海外取引では海外側に開発業務などを委託し,成果物を検収し,その対価として費用を支払うことになります。要求する仕様/品質/コスト/納期とその成果(物)が重要なのはもちろんですが,最近,これらに加えて特に重要と感じているのが「顧客満足度」という視点です。

 今回はオフショアにおける顧客満足度についてお話しします。これは日本でのビジネスにも当てはまることと思います。

「日本企業に満足してもらっている」という誤解

 いろんな海外企業の責任者とお話しすると,「日本市場から継続的に受注することは難しい」という言葉を耳にします。よく聞いてみると,多くの場合,日本からの仕事を一度は手がけた経験があるが,どうも長く続かないようです。

 一般的に,日本企業は実績と信頼関係をベースに仕事を出しますので,前の仕事の成果がよければ次の仕事のチャンスが出てくるものです。だが実際のところ,日本からの仕事にうまく対応できていないために,次の商機を失っている海外企業を目にします。逆に言えば,オフショアをうまく活用できていない日本企業が多いということです。

 日本の企業は,取引関係が長く相手をよく知っていると,比較的遠慮なく話をします。しかし初めての取引先や,ましてや相手が外国の企業となると,慣れていないためフォーマルな硬い対応をとります。

 このため成果(物)が不満足な場合でも,その事実を率直に表明するようなことはしません。体面を重視し,満足しているように振舞うこともあります。不満足と感じているのに,苦情も言わず,さっさと別の企業に切り替えるケースすらあります。このような対応をされた場合,海外企業は本当のところが理解できません。

 海外企業への対応の仕方は,日本の委託元の企業体質によっても異なります。日本側が短期指向の場合は,コスト/納期重視となり,長期指向の場合は長期展望での育成と活用が重要視されます。事業的にコスト削減が狙いの場合と,技術的スキル重視の場合とでも,顧客の要求と満足度のポイントが異なります。

 ある欧米のグローバル企業は,特定業務を海外にアウトソーシングしています。本社機構の責任者の任期は2年で,その期間中に成果を上げることが求められます。そのため責任者はリスクに挑戦しています。たとえ過去に実績があったとしても,業績向上のためには,多少のリスクを冒しても,メリットや効果の大きい新しいビジネスモデルを選択したり,新しい委託先に切り替えることを決断します。

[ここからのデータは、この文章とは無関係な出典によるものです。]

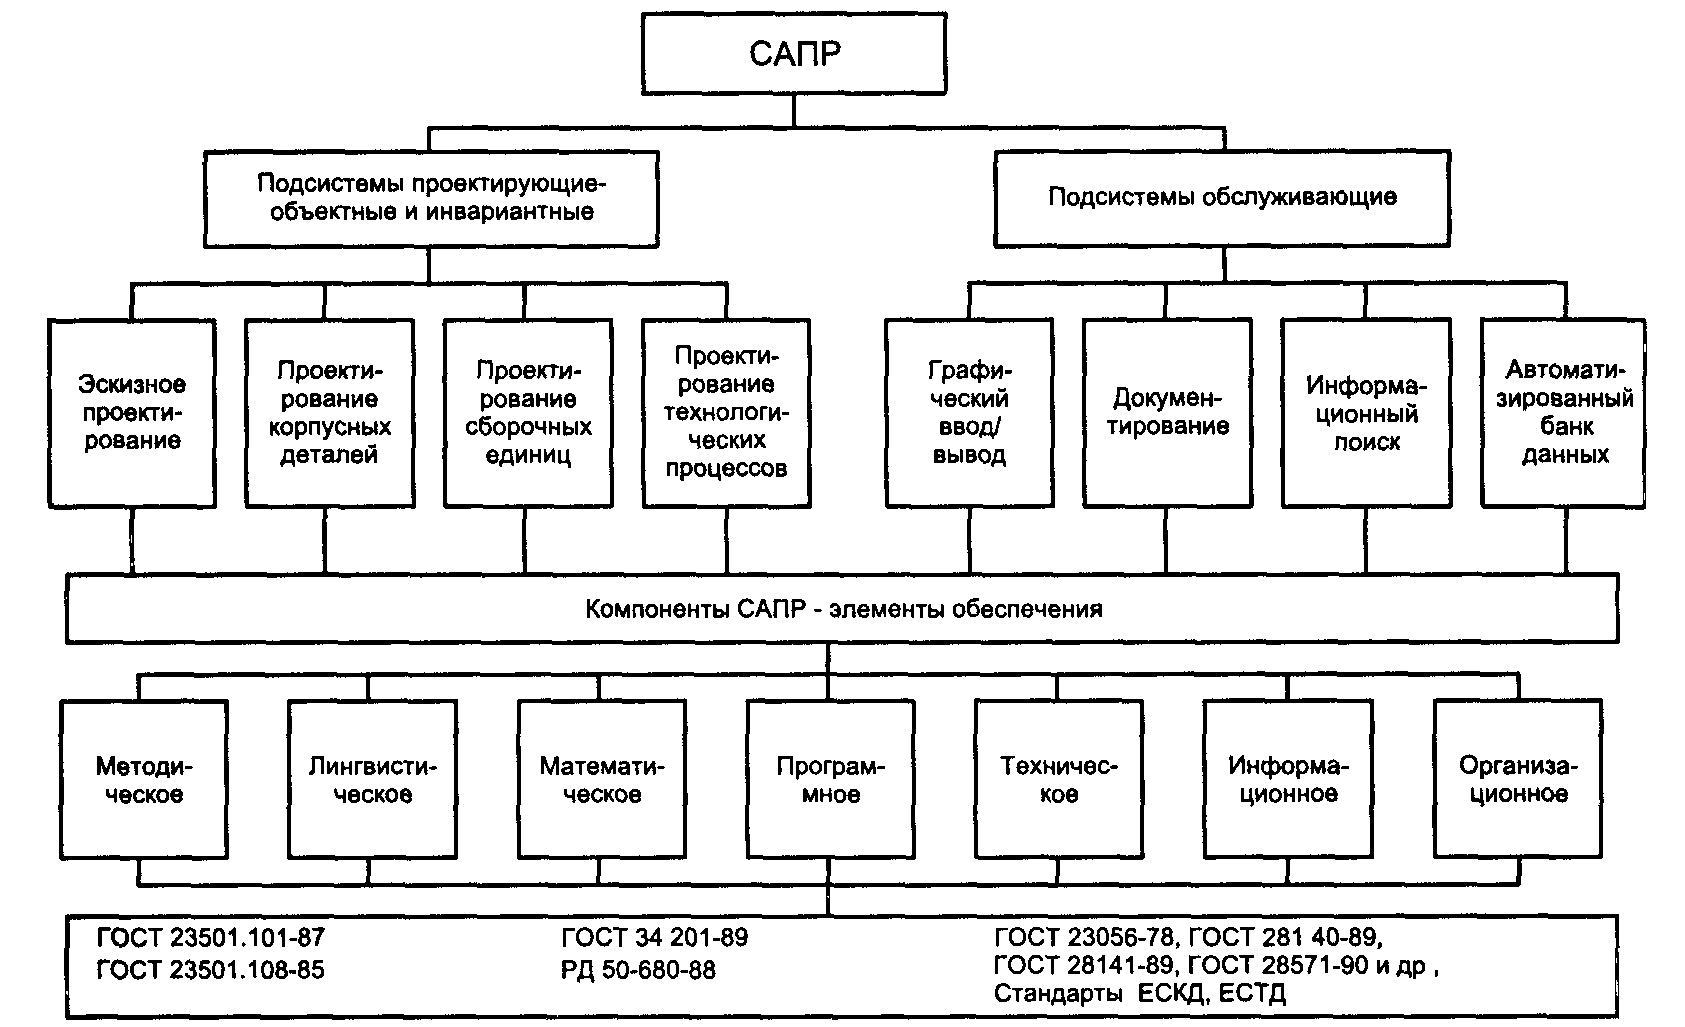 Подразделение предметов. Состав САПР-систем:. Структурная схема САПР. Структура технического обеспечения САПР. Структурные элементы САПР.
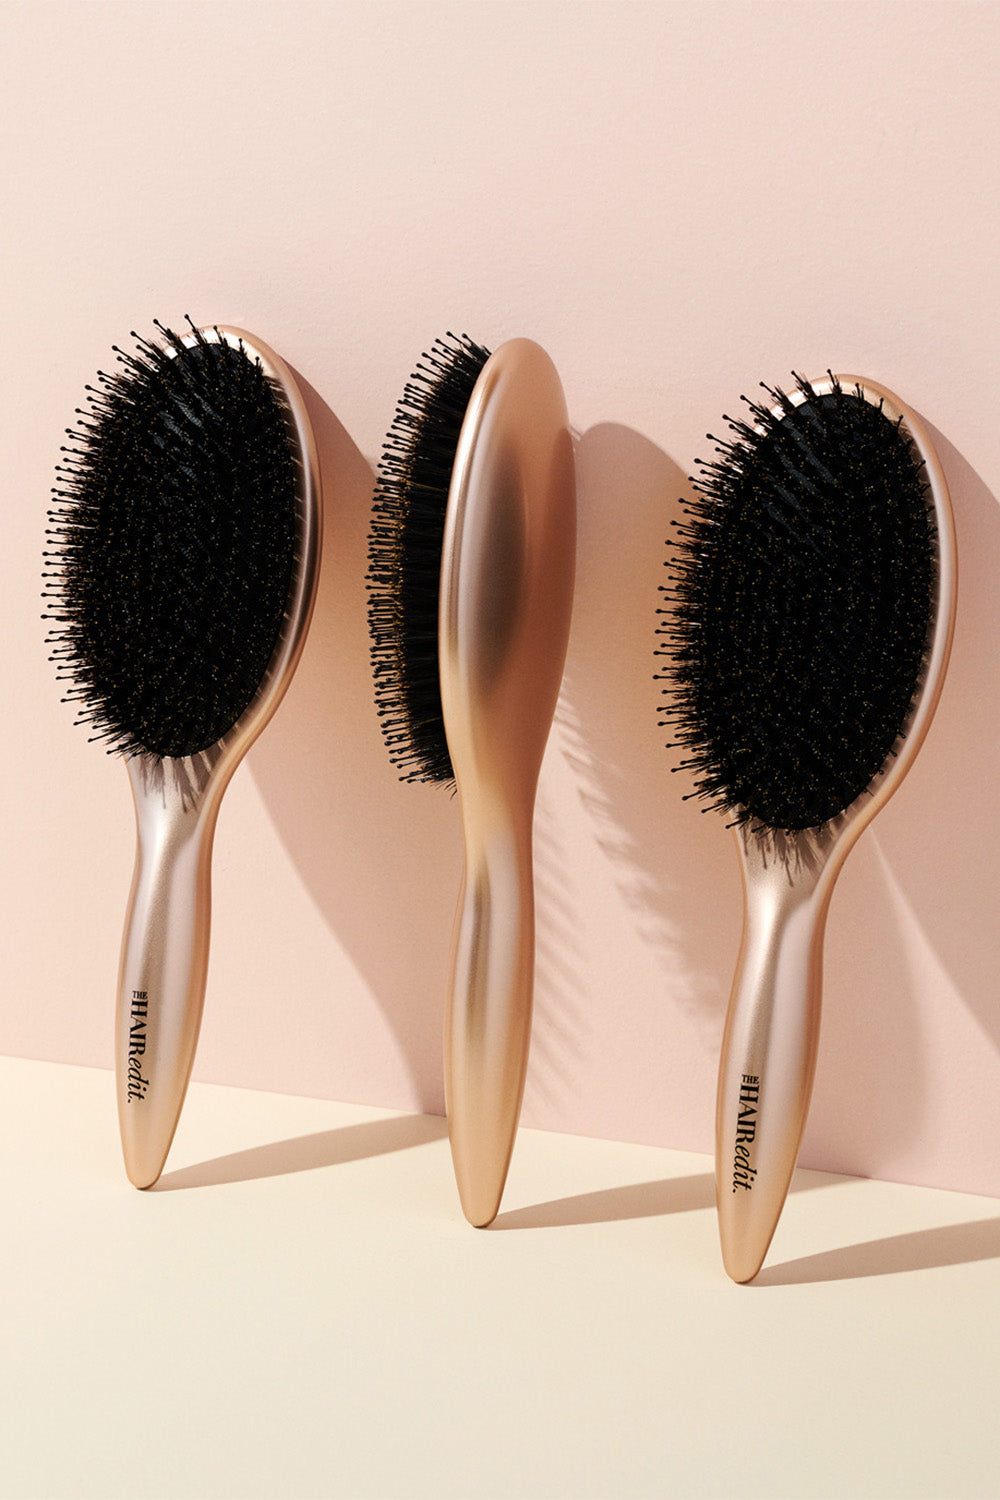 Travel Size Boar Bristle Hair Brush – The Hair Edit

 こうしたダイナミックな決断と行動の中に,欧米型アウトソーシングの強みがあることを実感します。いずれにせよ,アウトソーシングにおいては,ある程度の変化を前提に条件整備することが必要不可欠です。

人間関係がアウトソーシングの仕事を決める

 プロジェクトの実行でつまずいて挫折したり,問題の回復にも失敗した場合,両者の間に悪いイメージが残り,日本側から次の仕事は出にくくなります。意外なことは,海外側の責任者や担当者の多くが,計画を約束どおり遂行し目標を達成したので,自分達には問題はないと考えているという事実です。

 反対に,日本側の担当者は,あのプロジェクトは失敗したと心の底で悩み,相手側の人材に対しても悪いイメージを持つというケースがあります。一般的に,日本側の人々はナイーブ過ぎて,不満に思っている事を相手に言ってよいのだろうかと気にするケースをよく見ます。こうした場合,筆者は,海外側は日本よりドライなので,迷ったり困ったりした時はすぐにface-to-faceで率直に話をすることをご提案しています。

 最終的にプロジェクトが挫折し人間関係が悪化した場合,その担当者のどちらかが交代しない限り次の仕事はないものと思われます。予定の成果が出ずにプロジェクトが失敗したケースを見ると,日本側と海外側の責任者のマッチングが悪い例がよくありました。プロジェクトで一度失敗した海外企業の名は日本側の企業内に知れ渡るため,なかなか次の仕事が出にくいというのもあります。